What are some lesser known items or tricks in your profession that most people don’t know about?
For me one thing would be Thrift drain cleaner. I was having issues with my drains being clogged and nothing really worked, but looking around on forums and advice from plumbers lead me to Thrift and now my drains work great.
Software Engineer and Bike mechanic here. Since this community is filled with computer geeks, I'll stick to some bike knowledge that you should know.
Tire logo should line up with valve stem. It looks nice and allows to find the stem really fast.
To seat a stubborn tire, try some water and dish soap on the bead.
To lube a chain correctly, you must clean and dry it first. I use biodegradable deagreaser and shop air. If you can twist the chain and feels gritty, clean and dry again.
Avoid non bike chain lubes on chain. Using WD40 on a chain does more harm than good.
After a ride, apply a finger dab of suspension oil to fork and shock and cycle the suspension a few times to push the grime from the seals, and wipe it off.
Get a good chain wear tool. Catching a worn chain on time can save a lot, by not having to replace expensive chainrings and cassettes.
Don't get a bike specific toolset, because half of the tools you won't use. Make your own toolset base on what you need. Nobody needs a crank extractor or a axle cone spanners anymore. Start with a decent hex set (2 to 8mm), small torque wrench, brake bleed kit, presta valve extractor, shock pump, 25Torx bit, tire levers, chain breaker, chain wear tool, cassette extractor + chain whip, adjustable wrench, cutters and assorted screwdrivers and pliers. And a floor pump. From there it just goes on, but it will be for specific uses on forks, hub, rims, etc.
HAProxy is really powerful load balancing software. Not only does it go above and beyond on features but it handles a really large volume of traffic on very little compute. For example I ran a site with 350hits/sec base traffic (that regularly bell curved up to 500hits/sec) on 4 HAProxy instances running on t3.micro EC2 instances and I was terminating TLS on 20,000 domains at HAProxy. And if you're in a position where you need to pay for support they will bend over backward to help.

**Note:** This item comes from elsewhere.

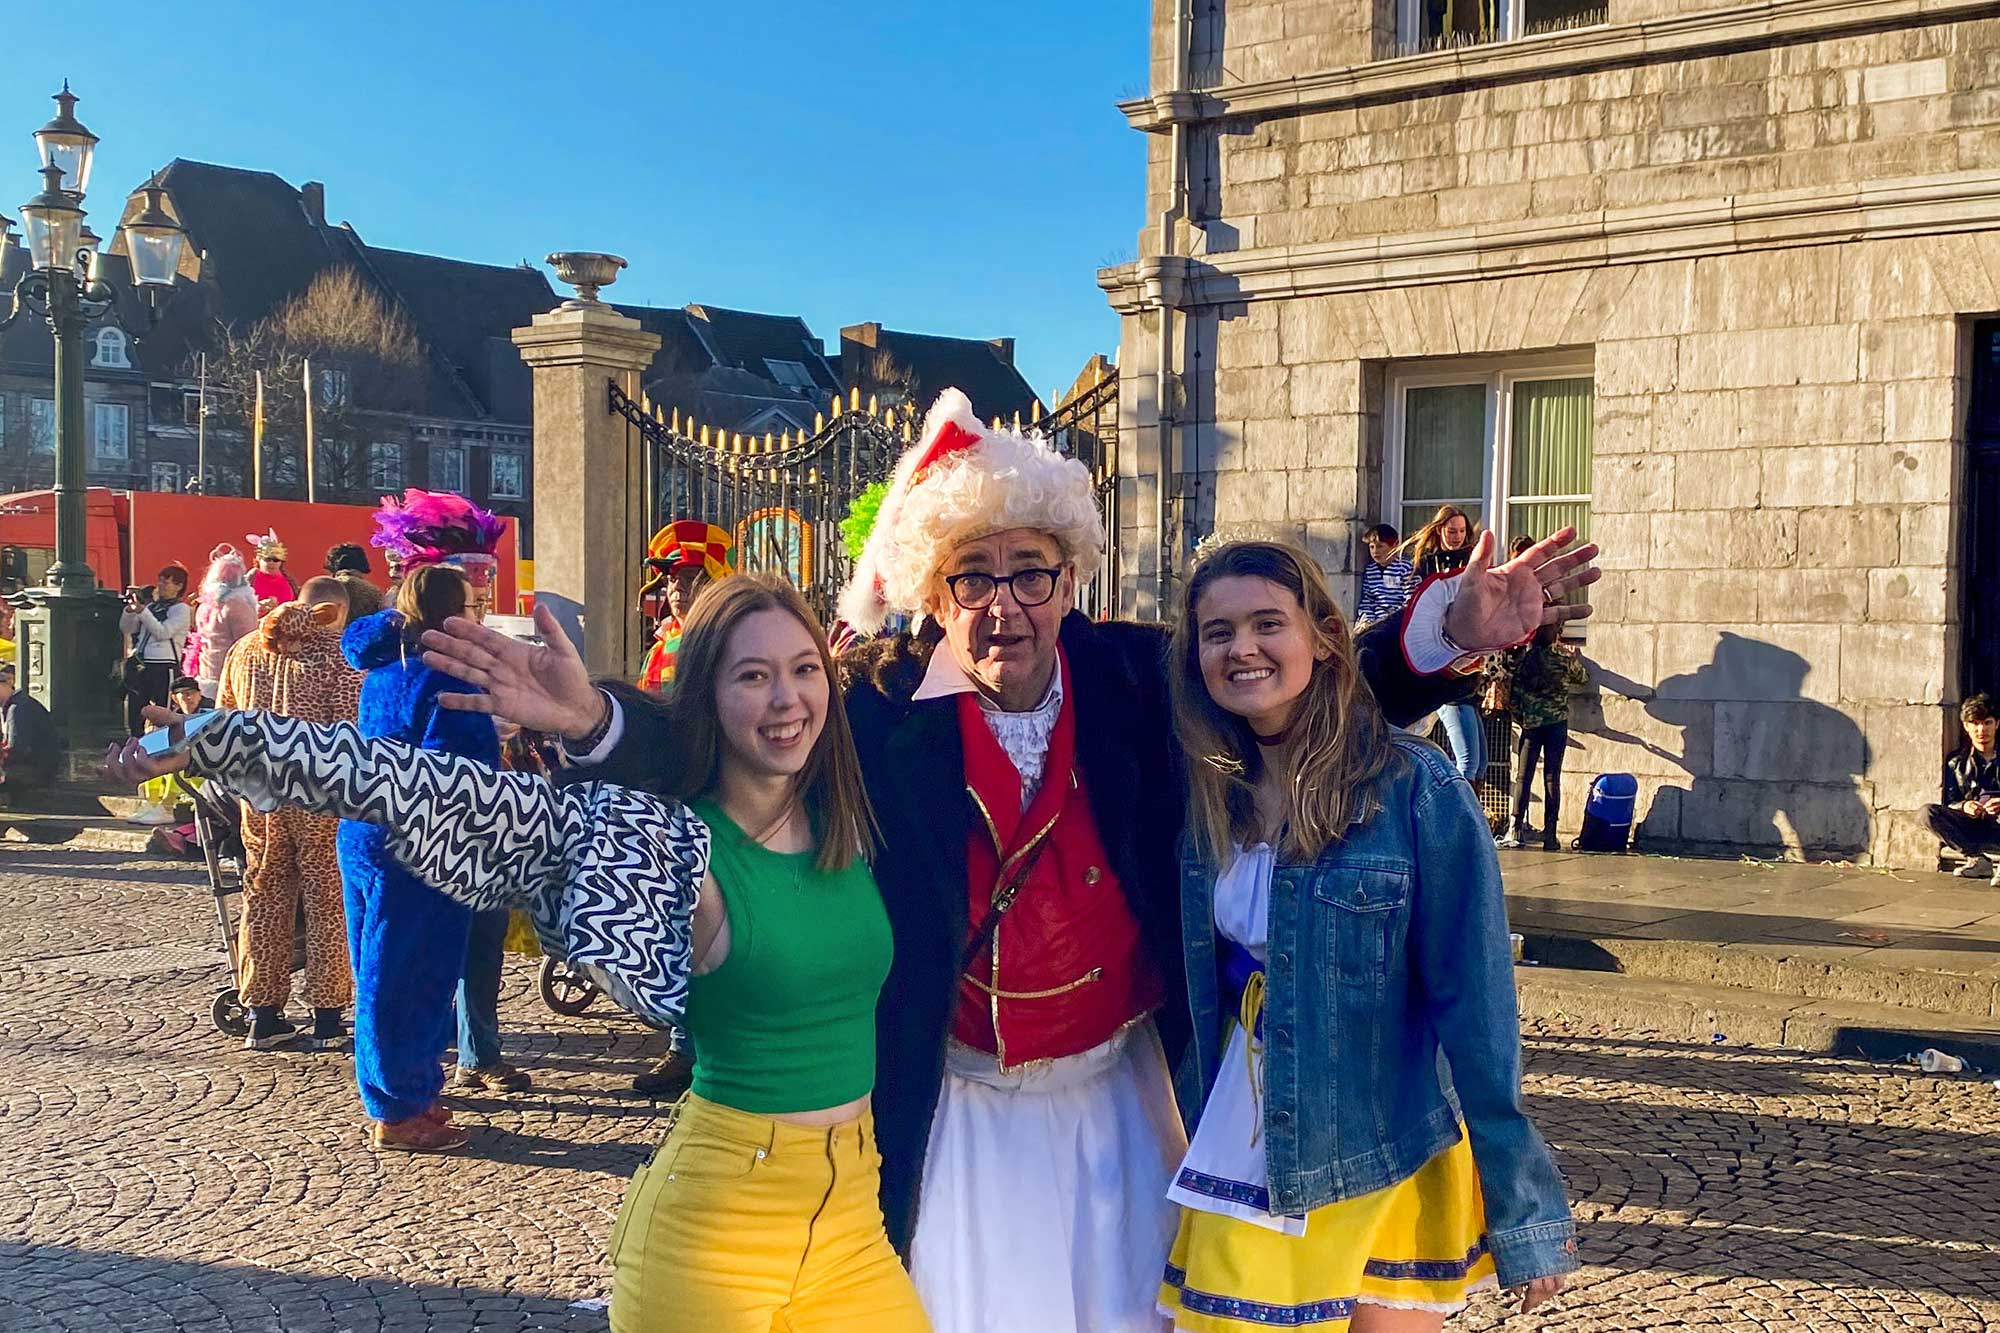 Students and carnival attendees in colorful attire at the Carnival 2022 in Maastricht.

No. There are some tool sizes that simply will not fit. Especially if the bolt and tool are made to the correct tolerances.

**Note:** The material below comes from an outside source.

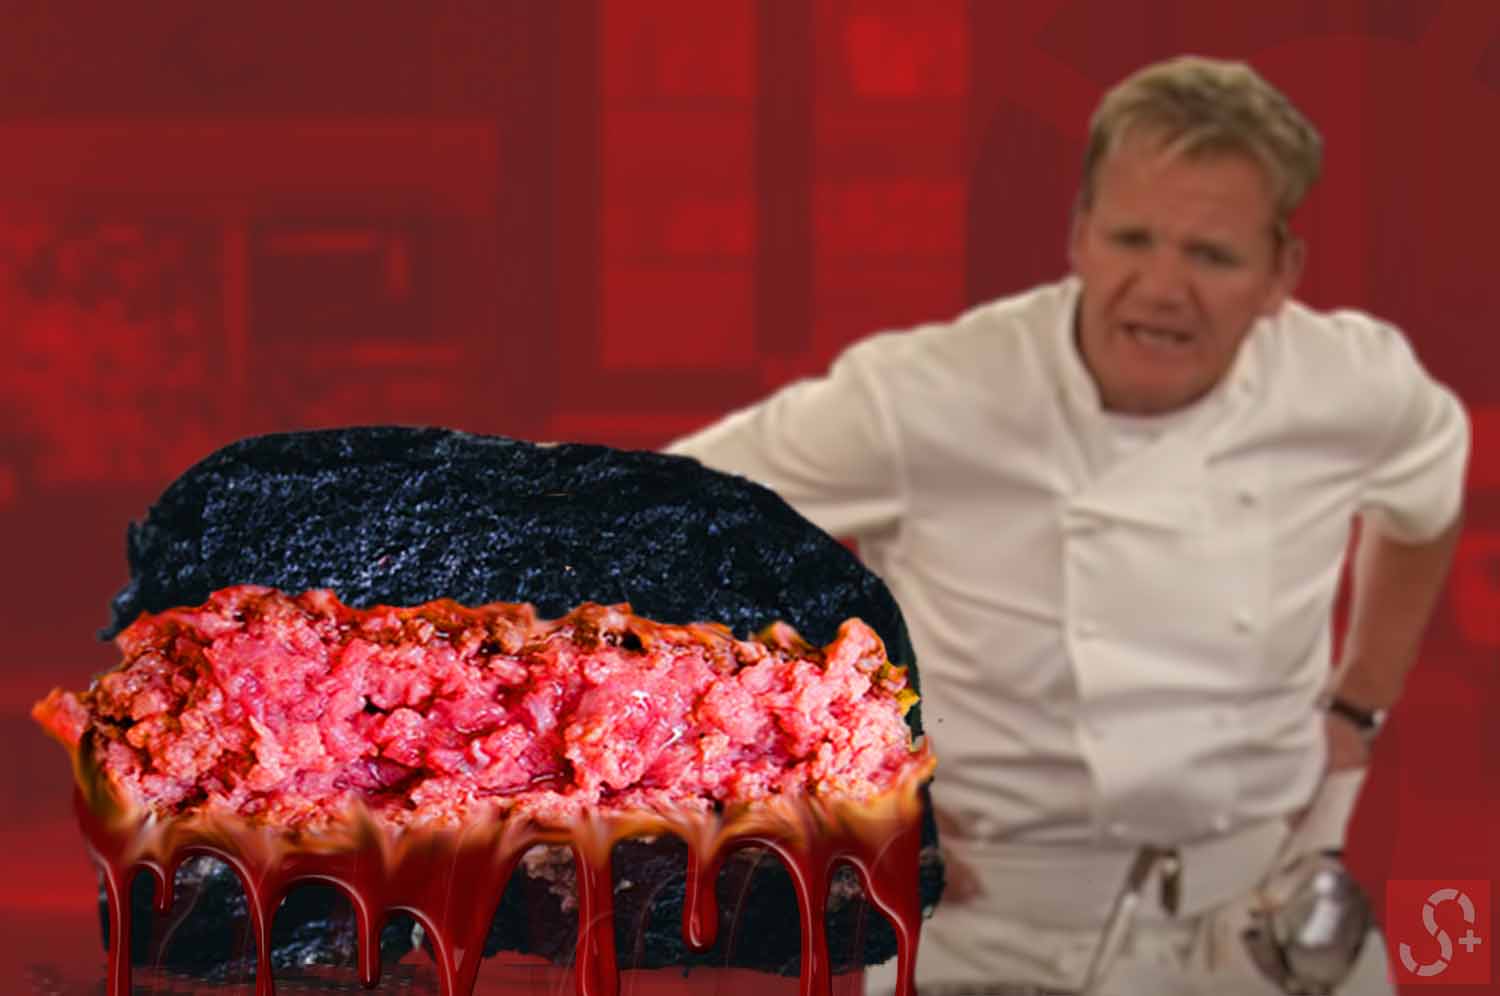 Burgers Patty burnt on outside raw on inside in front of a confused man and red background

The closest measurement to 1/4" is 6mm but it will simply not fit because 1/4" is 6.35mm. theres a big enough difference between the metric measurement and that you can't use it.
The MOST important tool that everybody doesn't know or forgets about in wood working is wax/oil/paste wax. This is because you use this to lubricate the faces of your tools, what slides and presses against the wood. Just by applying this to the sole of your plane makes it 2x easier to push and is a game changer.
You can add this to your saws as well and they will glide through their cuts with ease. You can put it on a shooting board too, anything that your tools rub up against.
Another good one is saw setting pliers. These exist to easily adjust the "set" of a saw. The saw's teeth taper out slightly to make the width of the cut wider than the saw plate, to prevent binding in the cut.
Cheaply made saws often have a poorly made set, often far too thick which makes a very wide cut (the saw is now more likely to wander off cut) and slows you down significantly. If the set is 30% wider than it needs to be, the saw is now by extension 30% slower (you are removing more material than necessary).
Now to the point (no pun intended). The biggest difference in performance from a cheap saw and expensive saw IS the set, and with these pliers and a triangular file you can make every cheap crappy saw cut like a dream and just as well as any expensive saw. Only thing other than that is the handle, which you can carve down yourself as most are too large.
A note about drains: My drain guy advised me to stop as much material as possible from going into my drains so they don't need cleaning.
So I've put "strainers" (traps?) on all my drains, don't use my garbage disposal, etc. and have much less need for nasty drain chemicals or a drain guy. Ymmv.
Playing it safe will definitely work, but also there's nothing wrong with using your sink disposal properly. Nothing hard or firm like bones or plastic, no coffee grounds, and don't drain fat in the sink.
Going with a lesser known trick for software engineers: for VS Code, there is a setting to make your tabs go on top of each other rather than going off the screen. So then, you don't have to scroll for the tab you want and you can instead just visually look.
Also, yeah, yeah, I know about Neovim, and yes, I've tried it many times. It's just not a worthwhile tradeoff for me.